At iSolutions, collecting software metrics is crucial for delivering adequate customer support and meeting our Service Level Agreements. We gather dozens of metrics from various systems and use Grafana to query and visualize them. Additionally, we maintain an in-house Alert system that utilizes some of these metrics as the basis for some alerts.
Historically, we relied on Windows Performance Counters to collect application-level and business metrics. While this tool initially served our system and database metrics needs, better choices were available for our expanding requirements. Over time, it became evident that we needed a more efficient and developer-friendly solution to handle our growing metrics infrastructure.
Why We Decided to Migrate
Our migration decision stemmed mainly from the fact that Windows Perf Counters are not flexible enough for business metrics. They are also not intended for high-frequency writing.
As a developer, I would add another reason: the cumbersome, error-prone, and time-consuming process of adding new metrics using Performance Counters. It involved many manual steps and was a real pain. Developers, like all humans, thrive in environments where tools and systems are friendly and efficient.
Enter OpenTelemetry (OT from now on), which seemed a natural choice for us.
The Migration
Consequently, our team was tasked with writing an OpenTelemetry collector and migrating performance counters in the code to types provided by .NET.
We faced several challenges during the migration. We needed to keep our existing Grafana pages and Alerts. This necessitated maintaining compatibility with the current implementation, preserving metric names, and retaining the semantics established by the Windows Performance Counters. On the storage side, metrics are written in an SQL database—a setup that, while not ideal by some standards, evolved naturally and functions quite effectively for us.
It required considerable planning and code reading. The migration took a few weeks and was executed smoothly without any service interruptions. Over the following months, we continued refining the system, primarily adding new features and automation.
The Aftermath
Before the migration, adding a new metric involved seven steps, two pull requests, and releasing the application AND the monitoring services. This arduous process is now a thing of the past. Developers can declare metrics directly in their code, making them available after release, with everything else managed automatically.

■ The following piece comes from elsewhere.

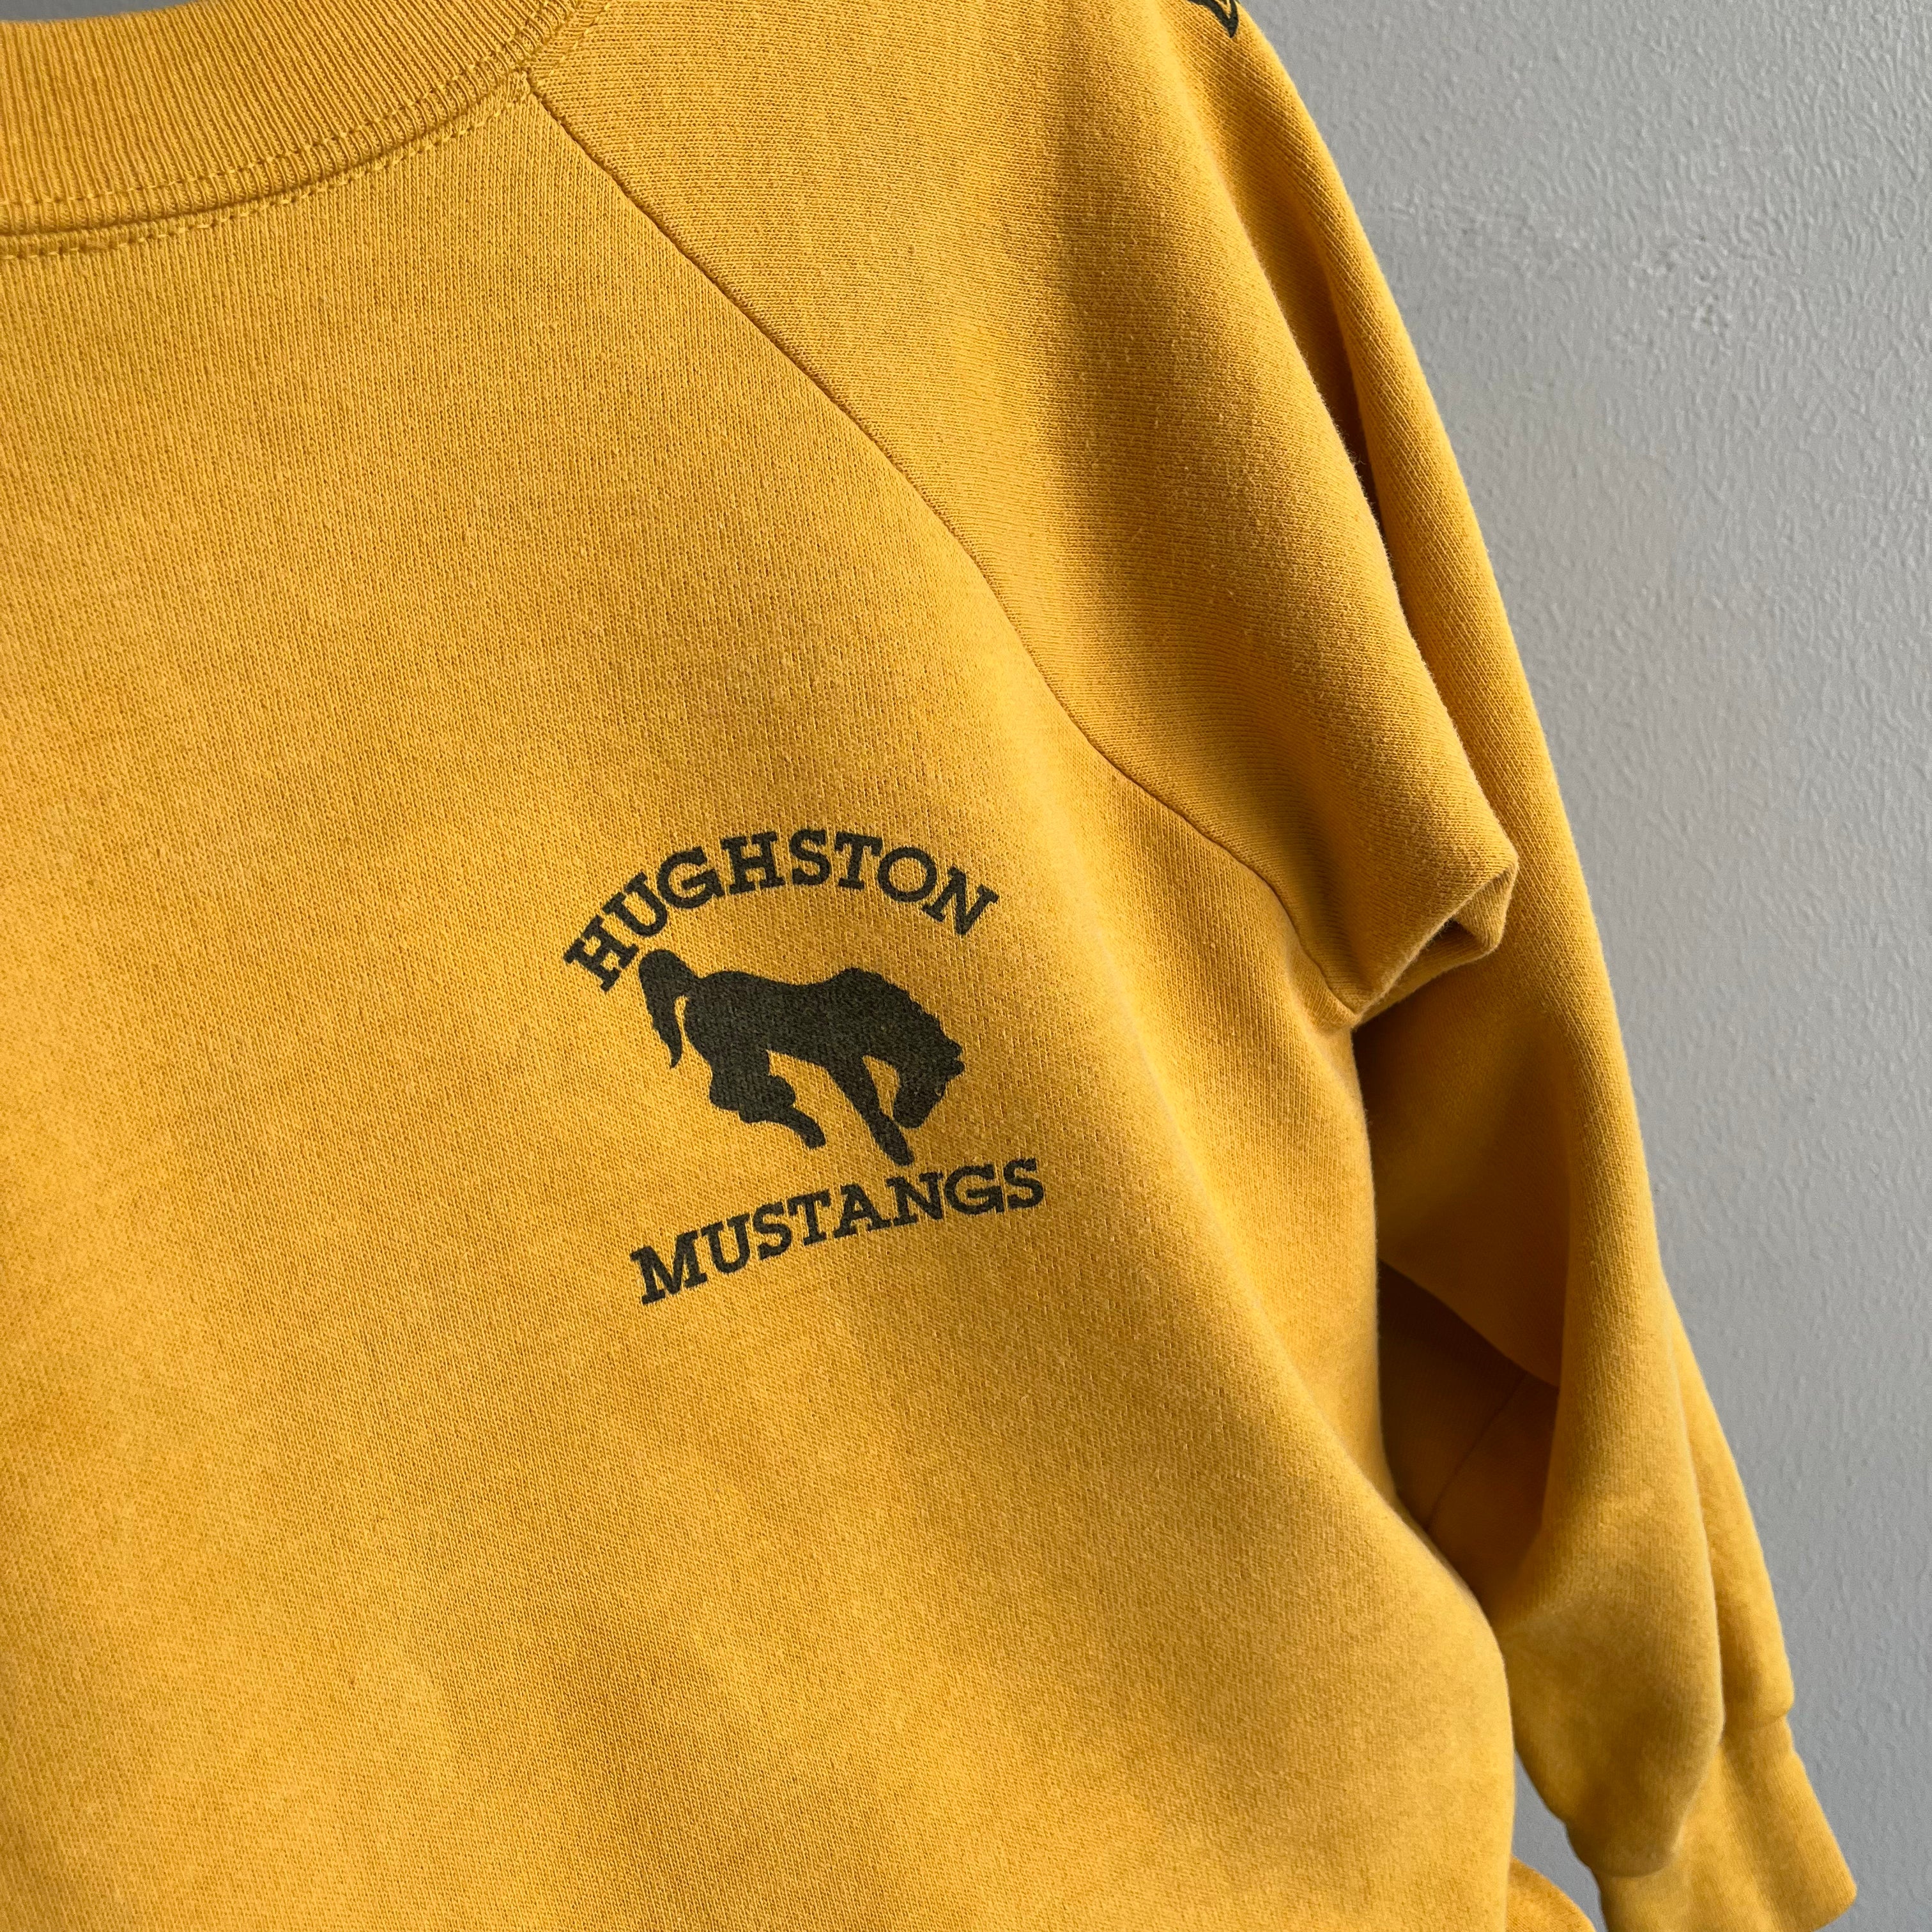 1970s Hughston Mustangs - Plano, TX - Sweatshirt by Signal !!!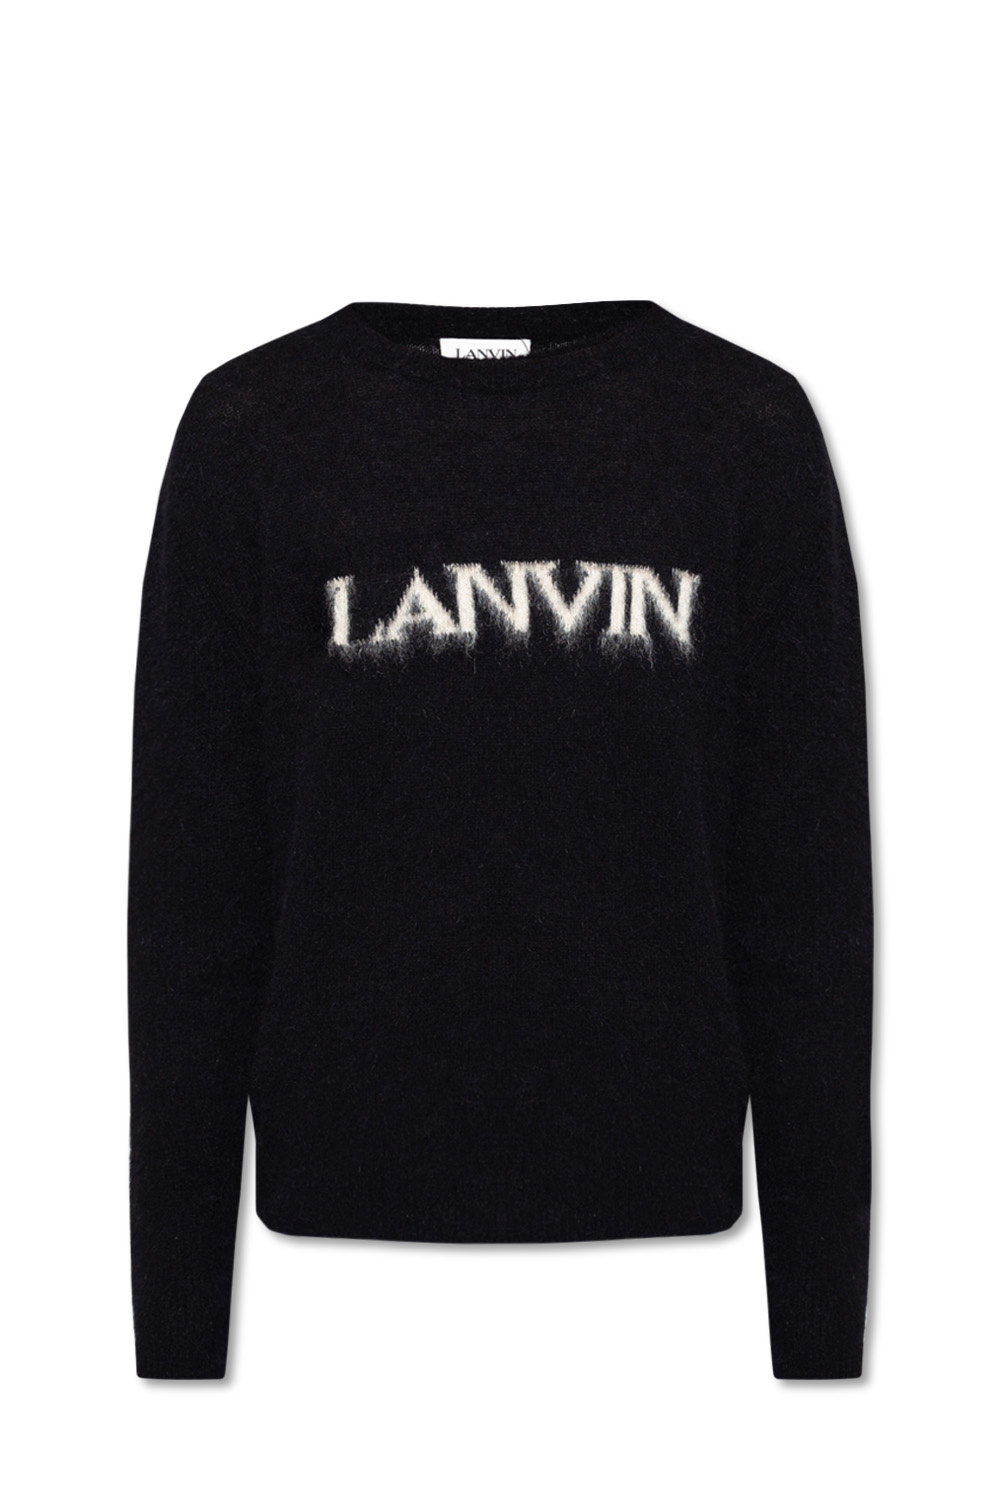 Lanvin Sweater with logo | Men's Clothing | IetpShops

The best part for me is that other teams have adopted OpenTelemetry in their applications. Today, all our systems rely on the OT standard. We also export some metrics to external providers like Dynatrace, which supports OpenTelemetry.
Conclusion
More than a year has passed since our transition to OpenTelemetry, and it has become an integral part of our platform. This integration has proven to be an excellent choice, resulting in more metrics, better system integration, and a significantly improved developer experience.
Following the success of our metrics migration, we also transitioned our logging to the OT standard, yielding similar positive results. This migration has brought us ‘economies of scale,’ an often undervalued benefit in our industry. We implemented the change once and used it universally, making metrics and logs collection a ‘non-issue’, allowing our developers to focus on other critical areas.
This migration’s benefits underscore the importance of investing in efficient and developer-friendly tools.